Transition 5: If $p>\tfrac{(1+\epsilon)\ln n}{n}$, then a graph in $\operatorname{G}(n,p)$ will almost surely be connected.¶

In [ ]:

rnd.seed(1)
largest_sizes = []
epsilon = 1/3
n = 10000
p = (1+epsilon)*np.log(n) / n
num_isolated = 0
trials = 10
for _ in xrange(trials):
    graph = G(n,p)
    print 'List of component sizes:', component_sizes(graph)
    if 1 in component_sizes(graph):
        num_isolated += 1
print "Probability that graphs are connected: ", 1 - num_isolated / trials

Cool! Now we've experimentally verified the results of the Erdős–Rényi paper.

Isn't it neat that you can rigorously formalize this kind of qualitative behavior of a graph, and then clearly see these transitions in simulation?

Question 3 -- The Stochastic Block Model¶

So far we've discussed the Erdős–Rényi model of a random graph $G(n,p)$. There are extensions that are better, more realistic models in many situations.

As a motivating example, consider the graph formed by friendships of Berkeley students and Stanford students on Facebook. The probability of a friendship between two students both attending UC Berkeley is much higher than the probability that a student from UC Berkeley is friends with a student from Stanford. In the Erdos-Renyi model, however, the two edges formed by these friendships have the same probability!

In this section, we will explore communities such as the following:

How will we do this? Use the stochastic block model (let's call it SBM) -- we have graphs of $G(n,p,q)$ (for simplicity, let's assume $n$ is even and $p>q$).
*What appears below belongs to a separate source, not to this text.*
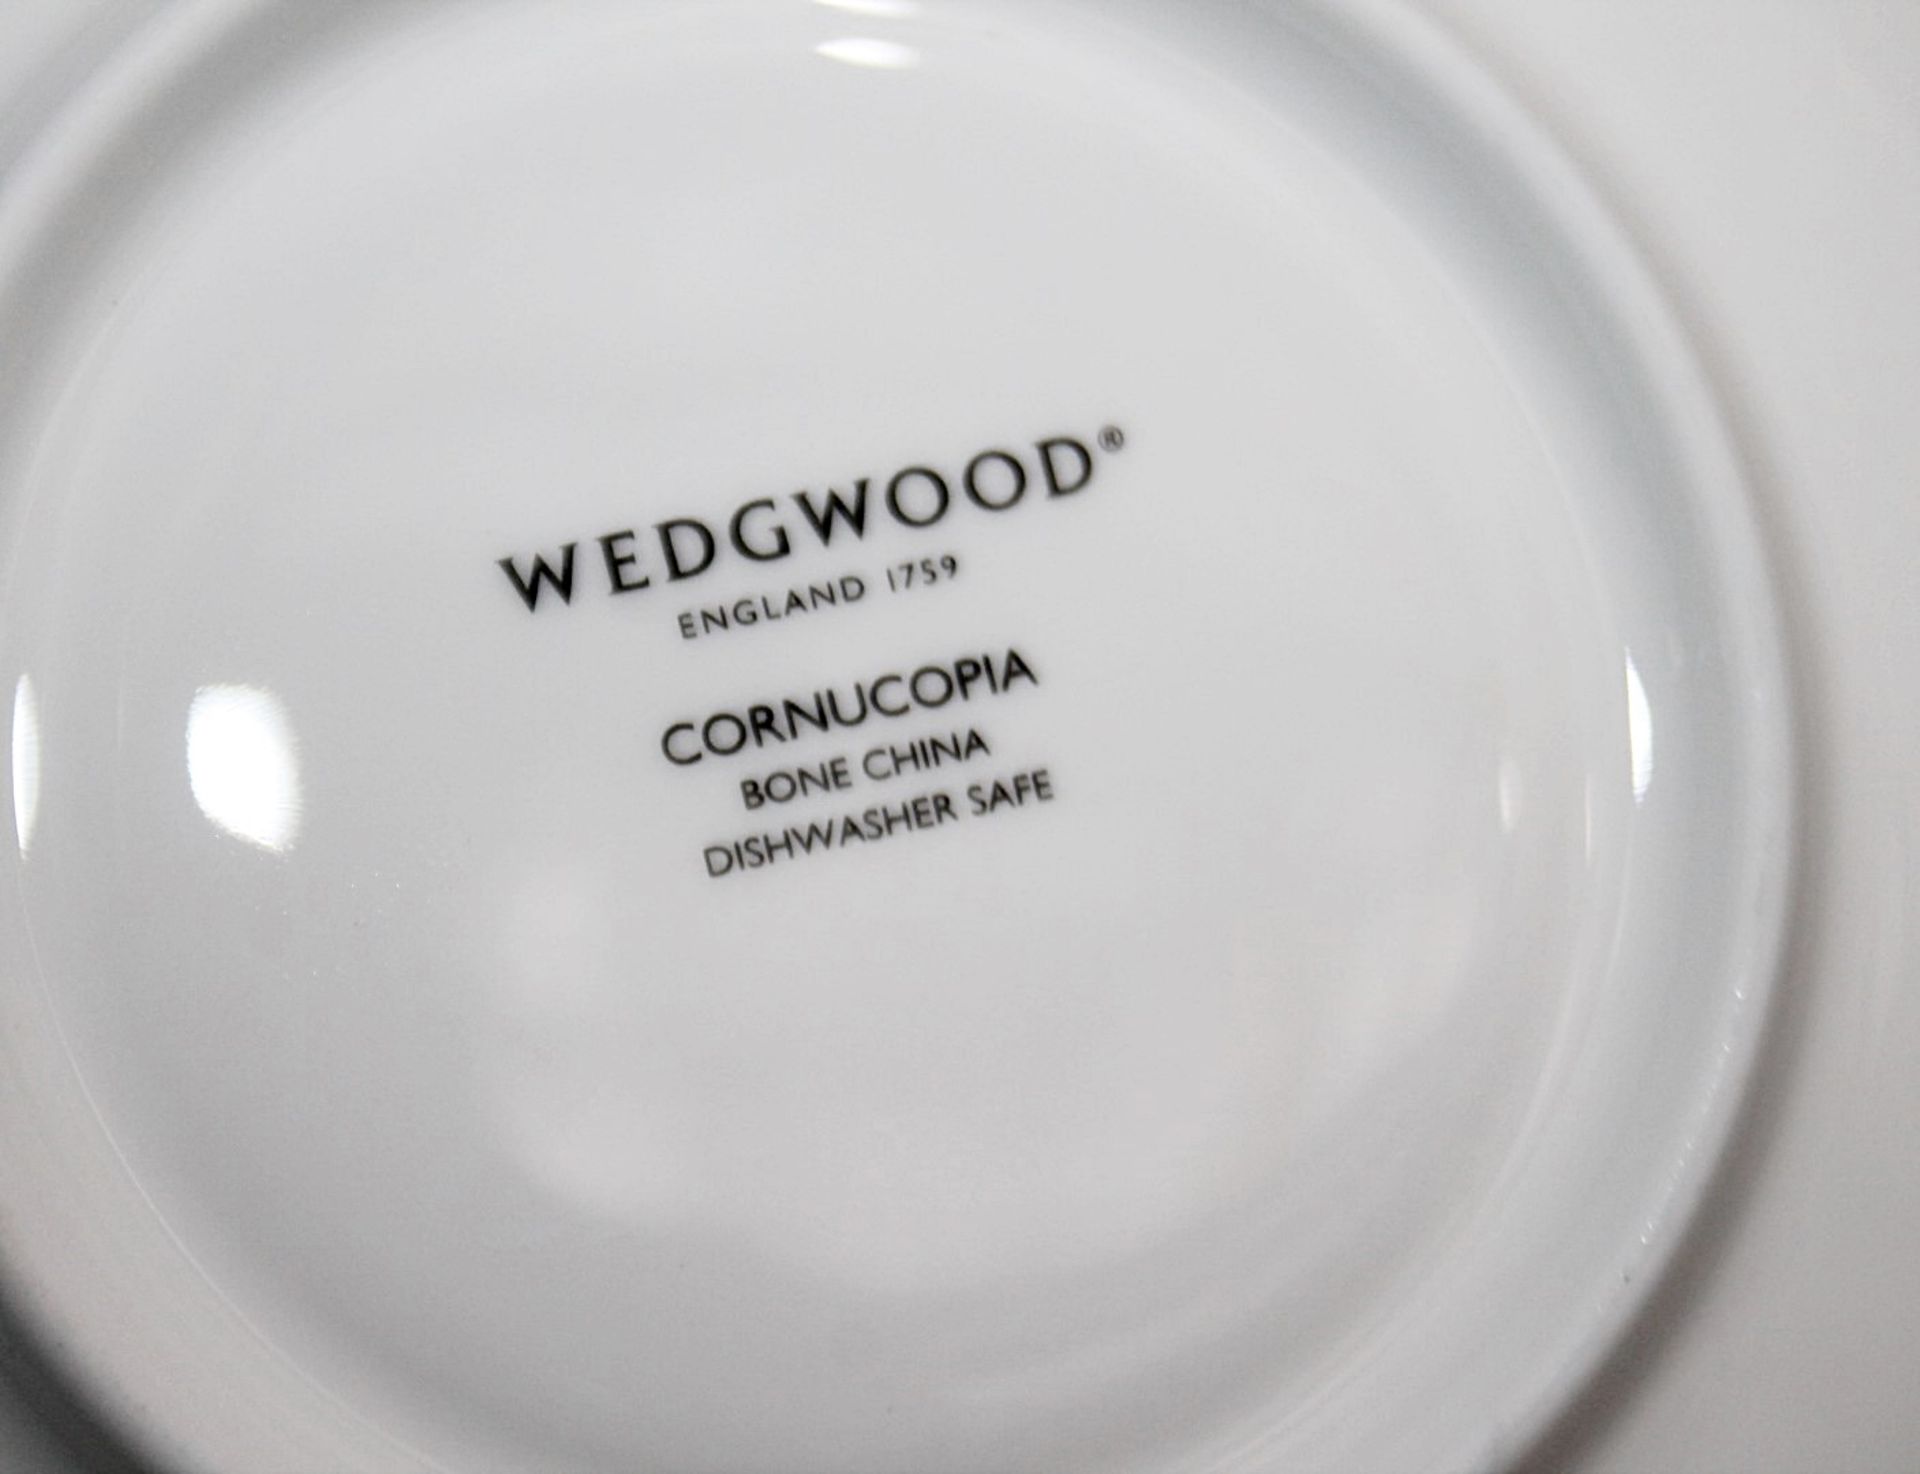 1 x Set of 2 WEDGWOOD 'Cornucopia' Fine Bone China Teacups and Saucers, With 22-Karat Gold Plating - Image 8 of 10

In this model, we have two "communities" each of size $\frac{n}{2}$ such that the probability of an edge existing between any two nodes within a community is $p$ and the probability of an edge between the two communities is $q$.

Our goal will be to recover the original communities. For this example, the result would look something like:

Let's begin by defining a function to generate graphs according to the stochastic block model.

3a. Fill out the following function to create a graph $G(n,p,q)$ according to the SBM.¶

Important Note: make sure that the first $\frac{n}{2}$ nodes are part of community A and the second $\frac{n}{2}$ nodes are part of community B.

We will be using this assumption for later questions in this lab, when we try to recover the two communities.

In [7]:

def G(n,p,q):
    """
    Let the first n/2 nodes be part of community A and 
    the second n/2 part of community B.
    """
    assert(n % 2 == 0)
    assert(p > q)
    mid = int(n/2)
    graph = []
    for i in xrange(n):
        graph.append((i,i))
        
    #Make community A
    ### Your code here
                
    #Make community B       
    ### Your code here
                
    #Form connections between communities
    for i in xrange(mid):
        for j in xrange(mid, n):
            if rnd.random() < q:
                graph.append( (i, j) )
    return graph

Let's try testing this out with an example graph -- check that it looks right!

In [ ]:

graph = G(20,0.6,0.05)
draw_graph(graph,graph_layout='spring')

Now recall the previous example:

How did we determine the most likely assignment of nodes to communities?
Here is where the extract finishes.